Он был так занят собою, что не заметил ни моей меланхолии, ни странности моего путешествия, которое, по крайней мере по его понятиям, было не в порядке вещей. Мне это понравилось. Я принял его предложение.
– Ну, как ты находишь меня, переменился? – заговорил он с живостью. – Отчего ты с нами не уехал? Прекрасно у нас в Питере! Женщины, брат, пальчики оближешь. Я тебе скажу по секрету, у меня там есть серьезная страсть. Такая, брат, женщина, просто чудо! Представь себе: брюнетка, лет тридцати… Но, я думаю, ей гораздо больше. Видишь цепочку? это она подарила… Да, брат, и часы, и цепочку.
Я похвалил цепочку.
– Я теперь на каникулы, – повторил он, – прежде всего поеду к соседям с визитами. Можно будет немножко шикнуть… Эти сельские барышни очень уважают студентов… Студент, прах возьми! А?
Я не знал, что ответить. Он на минуту как будто задумался и вдруг изрек:
– Да, брат, как хочешь, а наука – великое дело!
– Наплевать мне на твою науку! – неожиданно даже для самого себя крикнул я, и, что всего страннее, крикнул не своим голосом, а две капли воды, как Злючка. Это, вероятно, заметил и Легкоживецкий, потому что в глазах его выразилась робость. Он всегда боялся Страшилина.
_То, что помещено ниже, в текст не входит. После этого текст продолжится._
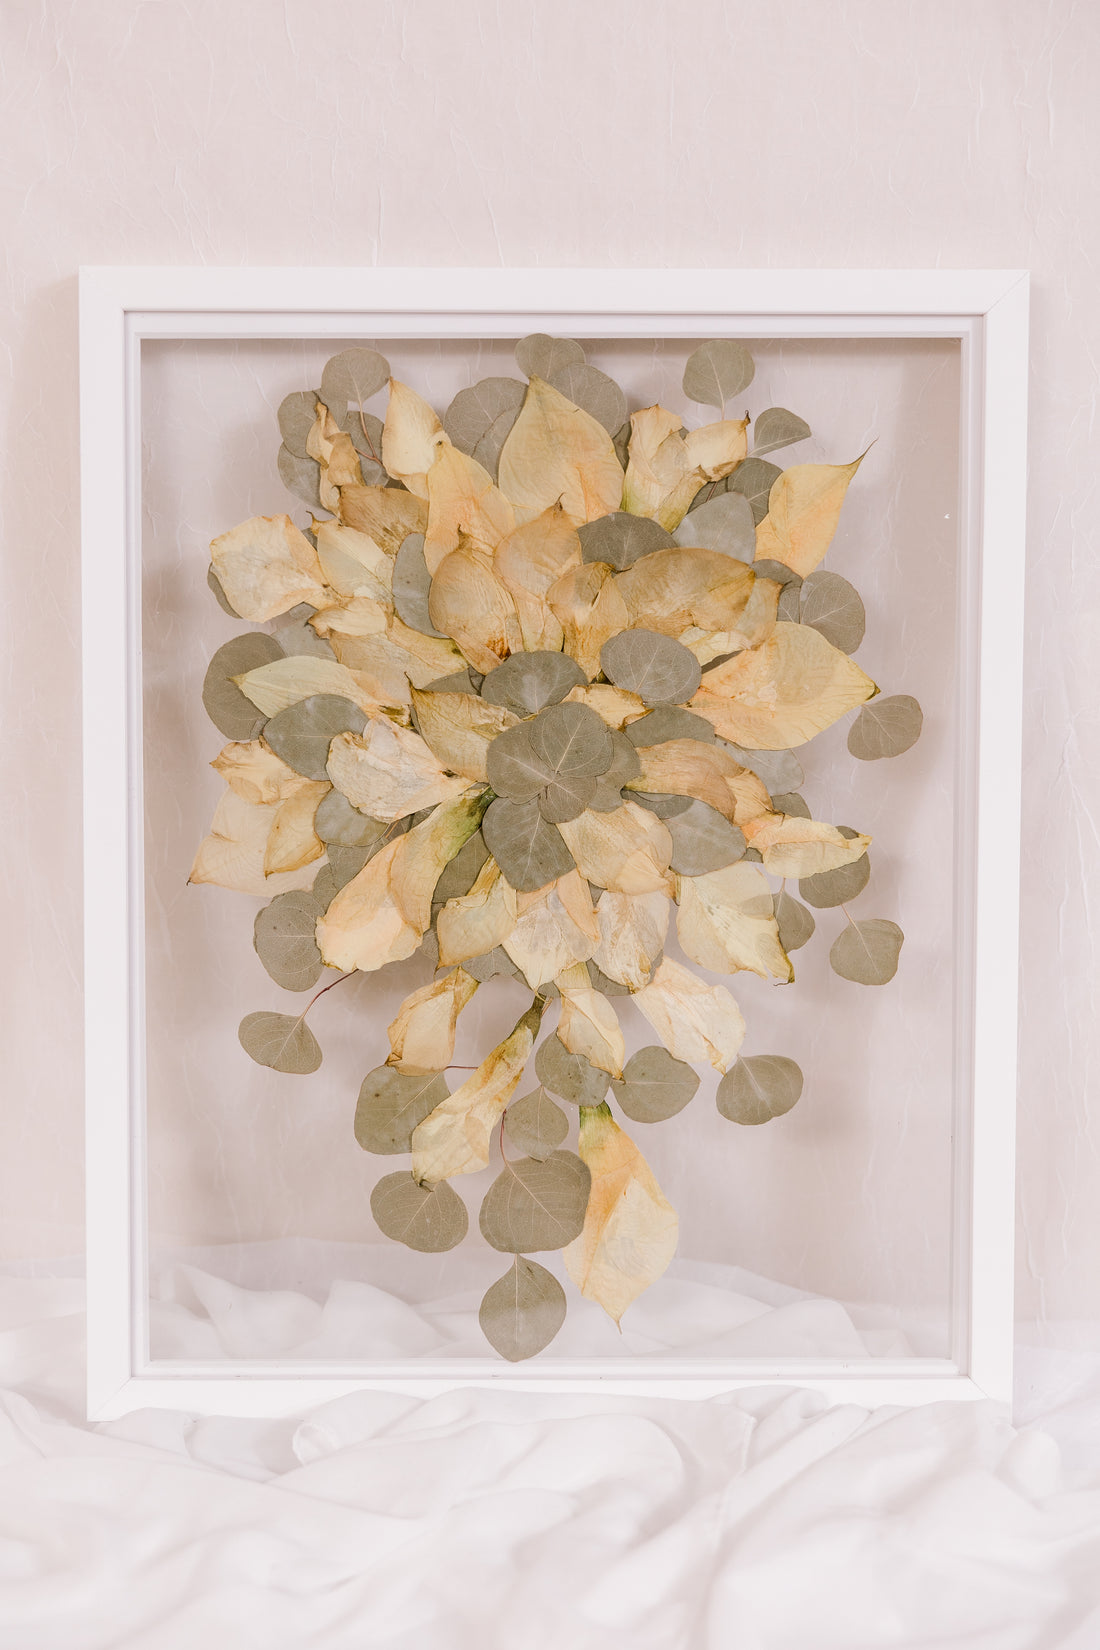 A frame filled with pressed calla lillies displayed in a white wood surround.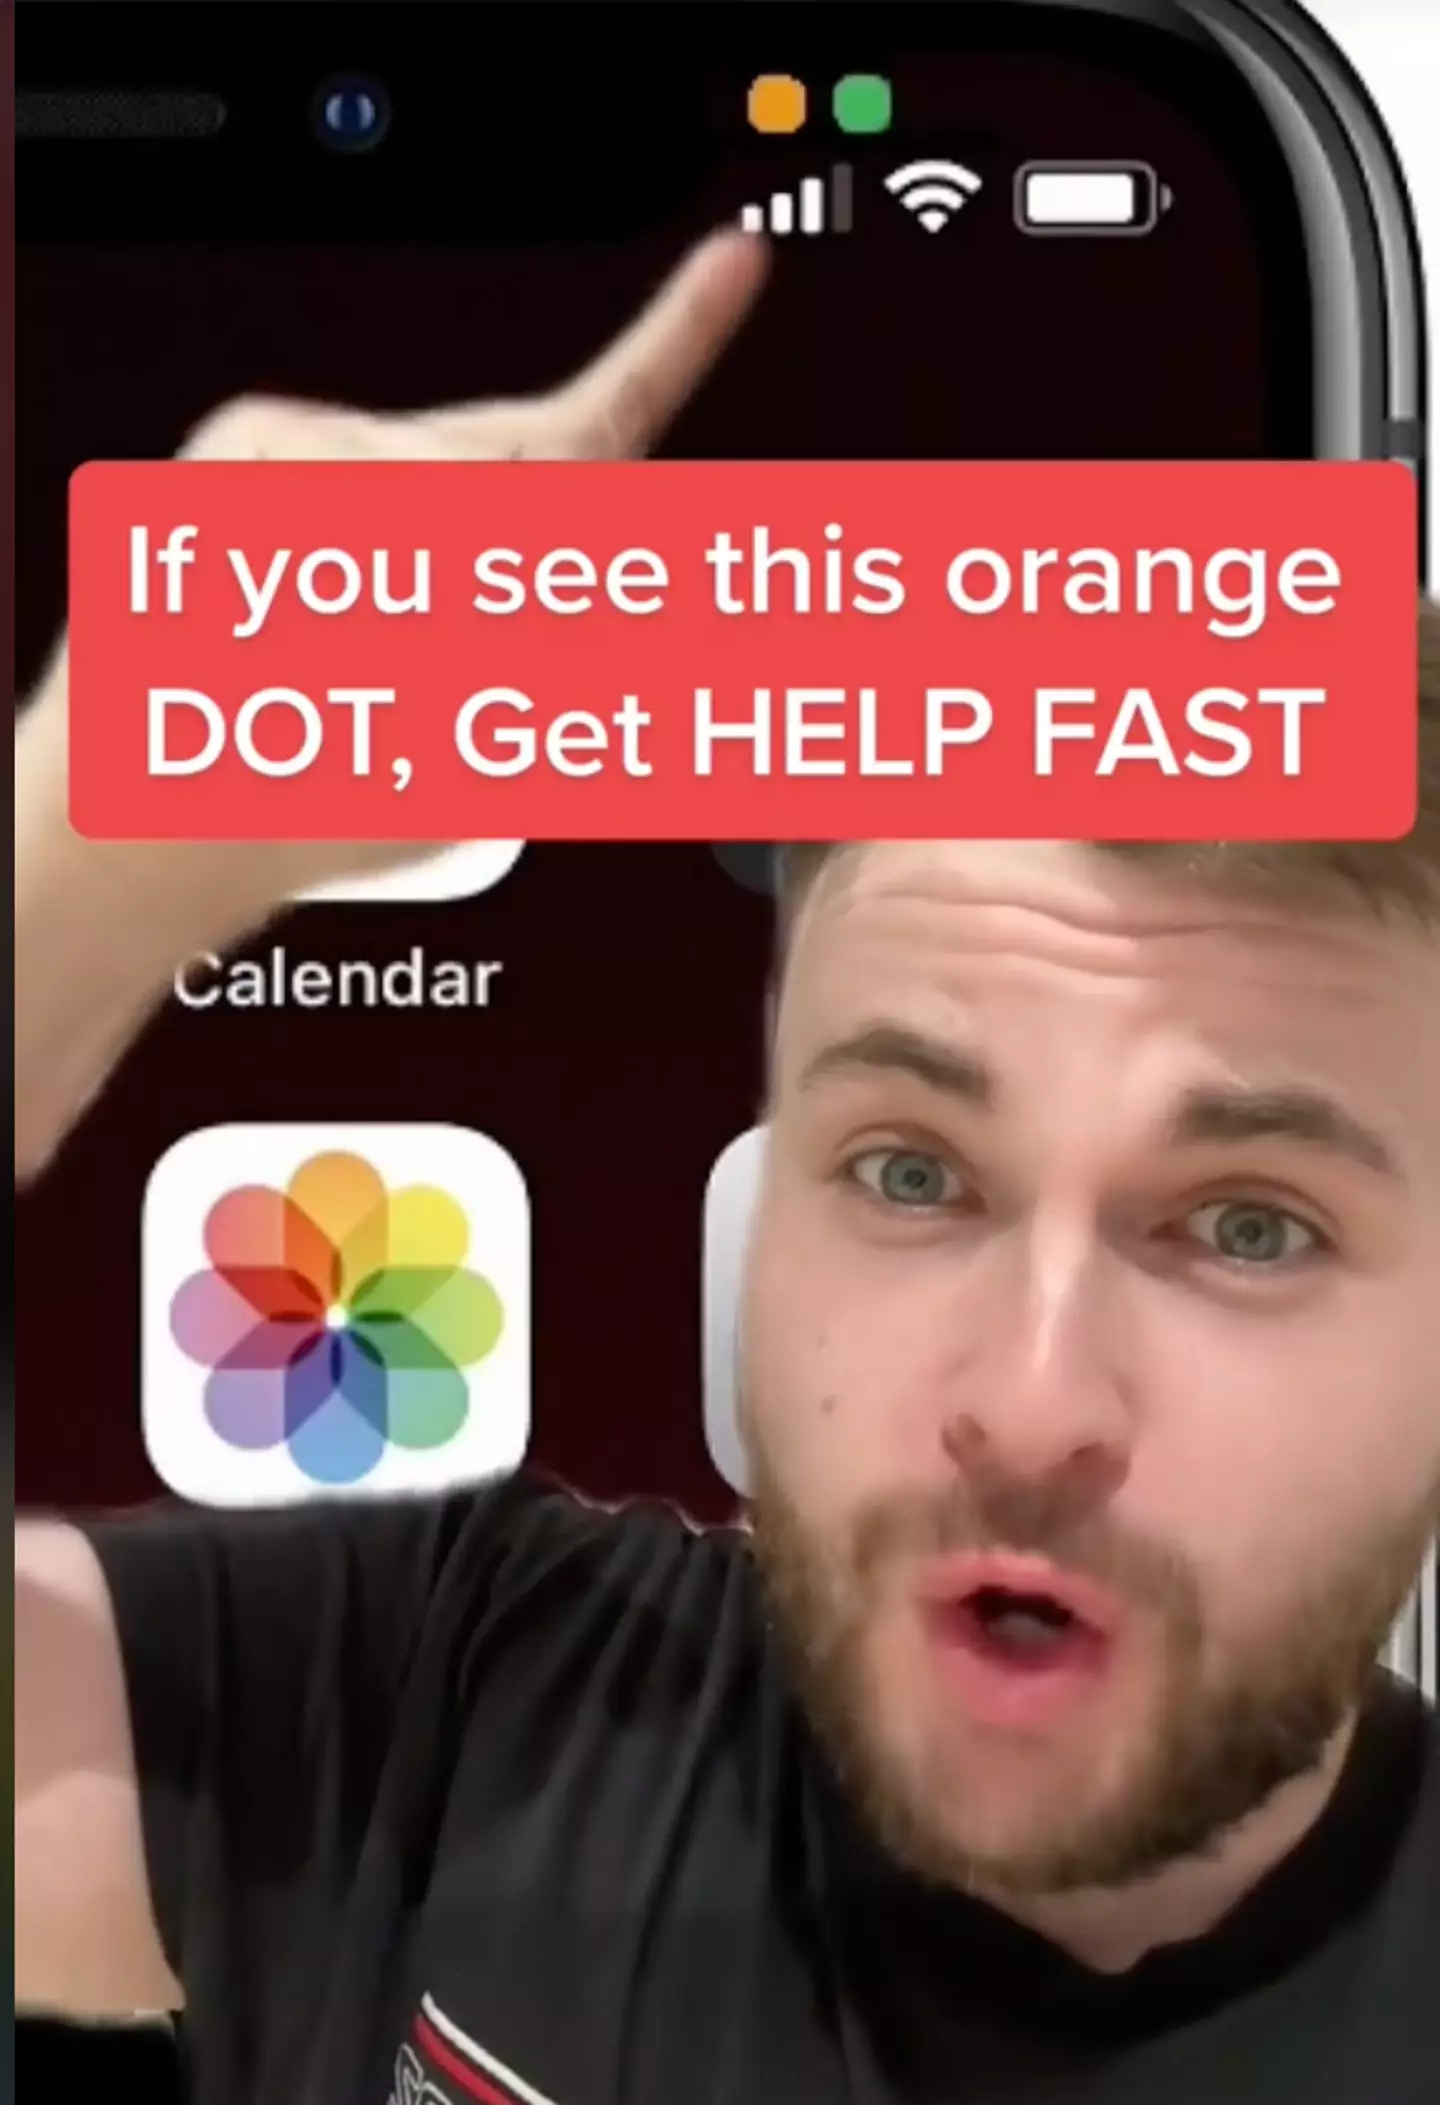 Jamie Nyland took to TikTok to warn iPhone users about the orange dot at the top of their screen.

– Видишь вот этого дурака, который так собою горд и доволен, – продолжал я, указывая на кучера, – так он во сто раз умнее тебя со всею твоею наукою… Однако мне тут в сторону.
Я соскочил с тележки и ушел, прежде чем он успел опомниться. Удивительный пассаж! Если бы мы продолжали наш разговор, то Легкоживецкий должен был бы защищать «науку» от моих нападений! Он, милый, легкомысленный Легкоживецкий, для которого всякие истины существовали так себе, между прочим, – от меня, который готов был голову положить за истину.
Сам не знаю, отчего у меня сорвалась такая резкость. По здравому размышлению, это, должно быть, был такой же скандал, как с одним господином у Альфреда де Мюссе, который (господин, а не Мюссе, а, впрочем, может быть, и Мюссе), находясь в заключении в некотором тесном месте и считая от скуки кирпичи на соседней стене, вдруг заметил, что глаза его стали влажными и наконец заплакали. «Что сей сон означает?» – удивился он. «А вот что, – отвечало ему сердце, – пока ты занимался вздором, я, то есть сердце, думало за тебя и послало тебе на глаза слезы»… И мое сердце, по всей вероятности, размышляло примерно таким образом: «Нельзя так нельзя; наплевать!» – и послало резкость на язык.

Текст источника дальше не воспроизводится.